Still, in a larger sense, the issue of marriage rights will continue to be tried in the court of public opinion. In the last years, even as the federal government and a large majority of states have been obliged to accept marriages contracted in their jurisdiction (most often following rulings by judges appointed by Republican officials), diverse polls have signalled an emerging supermajority in favor of marriage rights for same-sex couples. Whether the majority of justices follow or defy this consensus, it will continue to weigh strongly in terms of legal developments.
More importantly for the purposes of this week’s column, the rapid turnaround of public opinion has left those who oppose not just same-sex marriage but equal rights for gay people generally rather on the defensive. So far from the days when most Americans regarded homosexuality with open loathing and derision, many conservatives now complain of feeling unjust stigma over their opposition to homosexuality, and of feeling constrained in openly expressing their position.
I confess that, as a citizen, I view such claims with skepticism, especially when conservatives demand license to discriminate in the public sphere on the basis of “sincere” (i.e., Christian) religious belief. Yet as a historian of Japanese North Americans I am glad to discover any public statement on homosexuality in the Nikkei press, as a tool to help trace the nature of opinion on the subject within ethnic communities in the United States and Canada.
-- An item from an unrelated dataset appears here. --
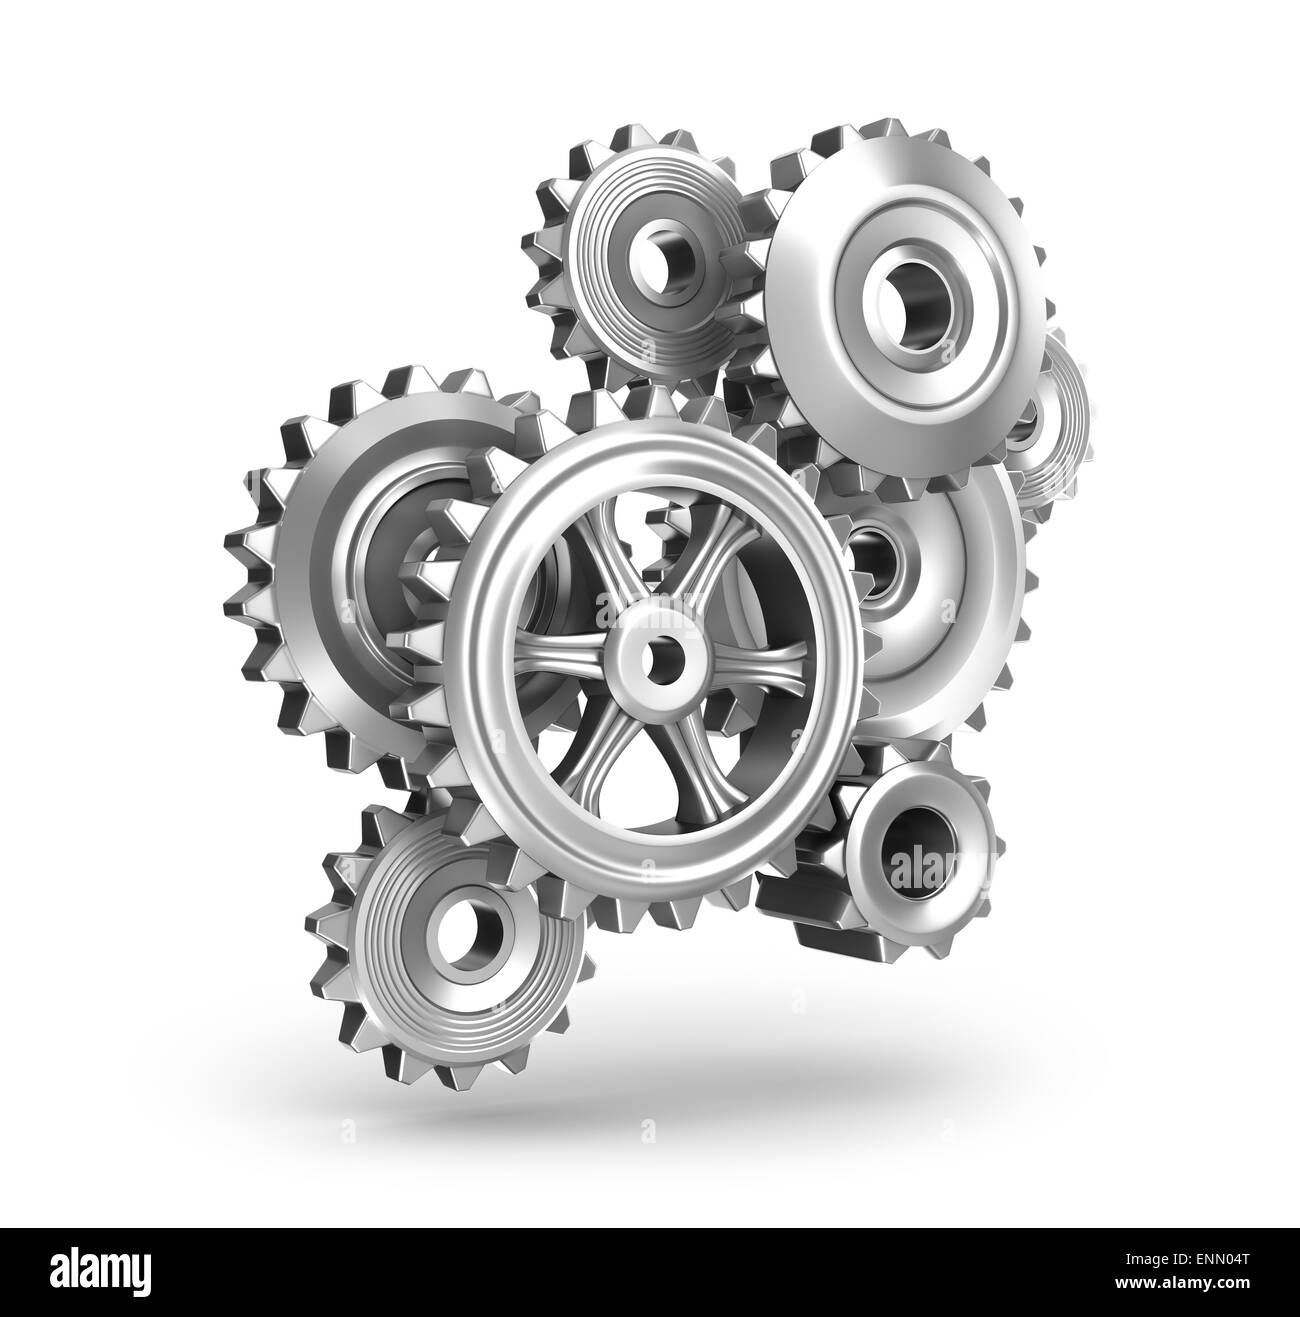 Steel gear wheels concept Stock Photo
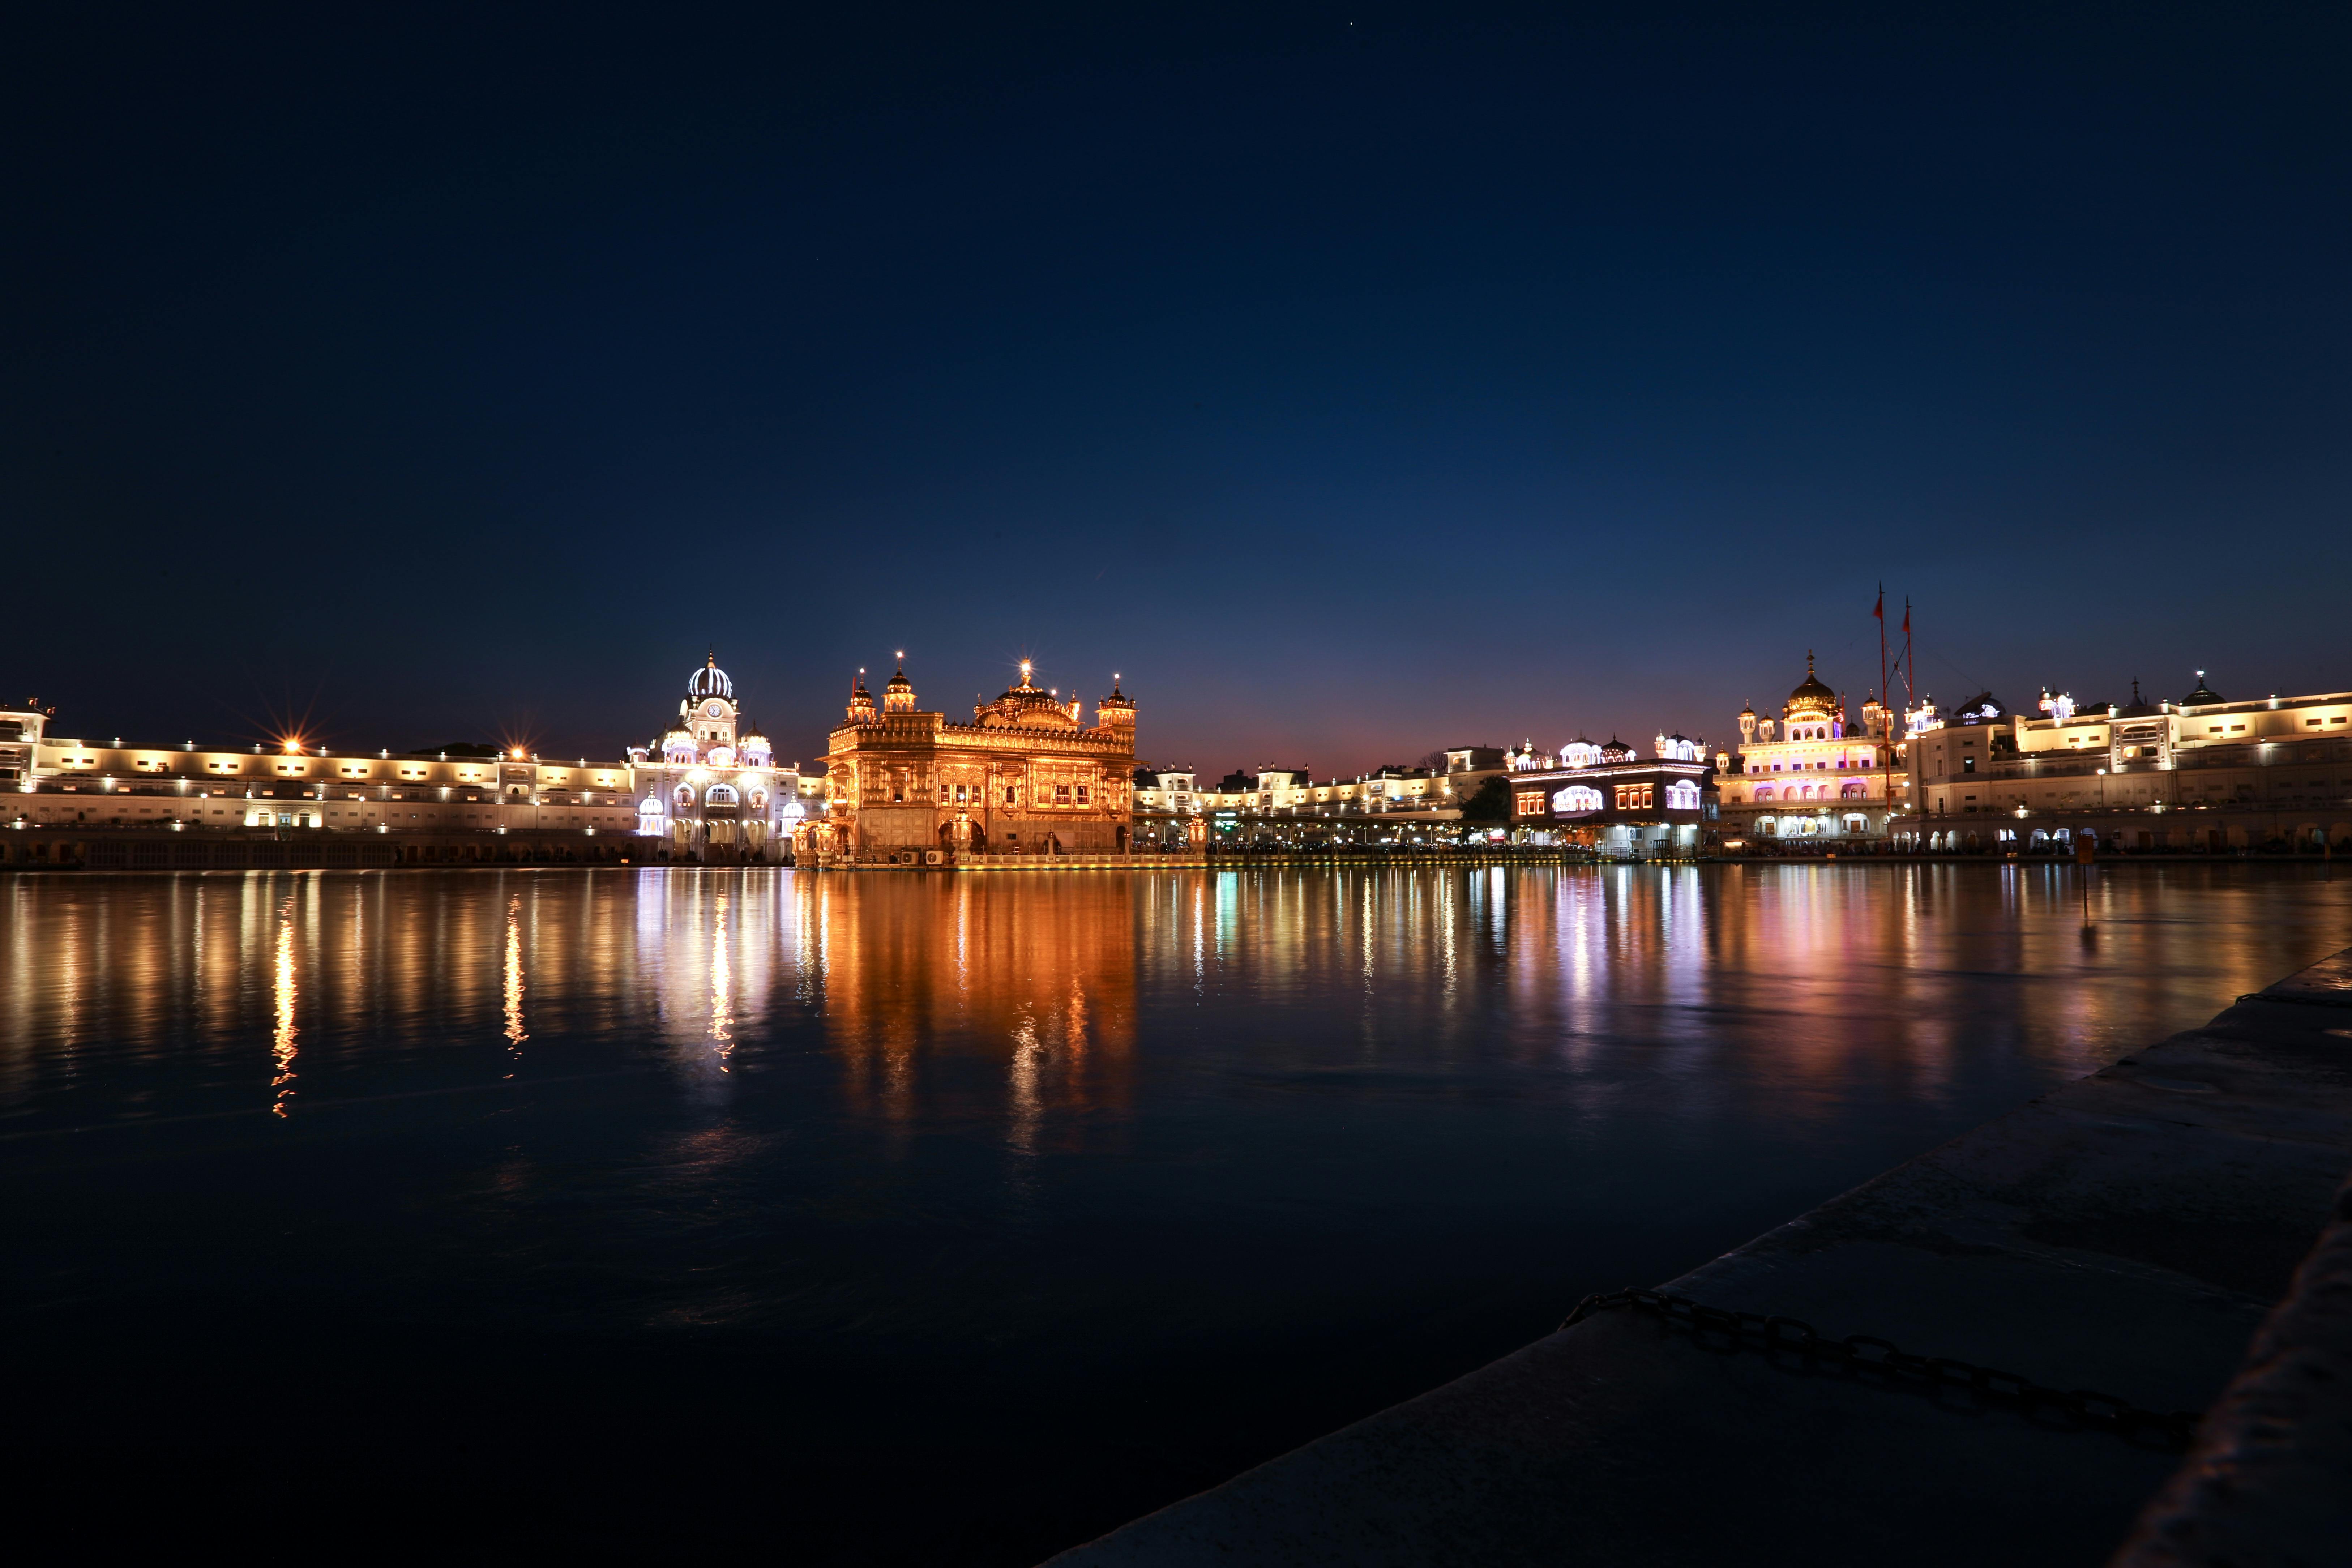 Sikh Gurdwara Photos, Download The BEST Free Sikh Gurdwara Stock Photos & HD  Images

Looking at references to LGBTs in some earlier pieces, which were generally quite negative in their tone, certainly tells us how far things have evolved since.
The first fragmentary evidence I have found of negative attitudes toward homosexuality in the Nikkei press dates back to June of 1965, when Carole Terada, a Sansei teenager in Toronto, complained in the New Canadian that local teenage guys, notably in the Village, were all dressing and acting in effeminate style, and thereby revealing themselves as frivolous and immoral. As an example, she complained of a singer, Monty Rock III, who wore his hair long, sported earrings, and wore outrageous clothes, and “pranced about the stage.” Although Terada did not explicitly refer to homosexuality in her diatribe about effeminacy, her implication was clear enough to a male reader, Stan Kondo, who slammed her as sensationalistic and as intolerant in associating long hair and modern dances with effeminacy and queerness, which he implied were indeed deplorable: “You paw through a ton of apples until you finally seize upon one rotten one (there is always one)…Take any group of 500 teenage boys and you’ll inevitably find one homosexual among them. And consider that there are 300,000 male teenagers in Toronto.”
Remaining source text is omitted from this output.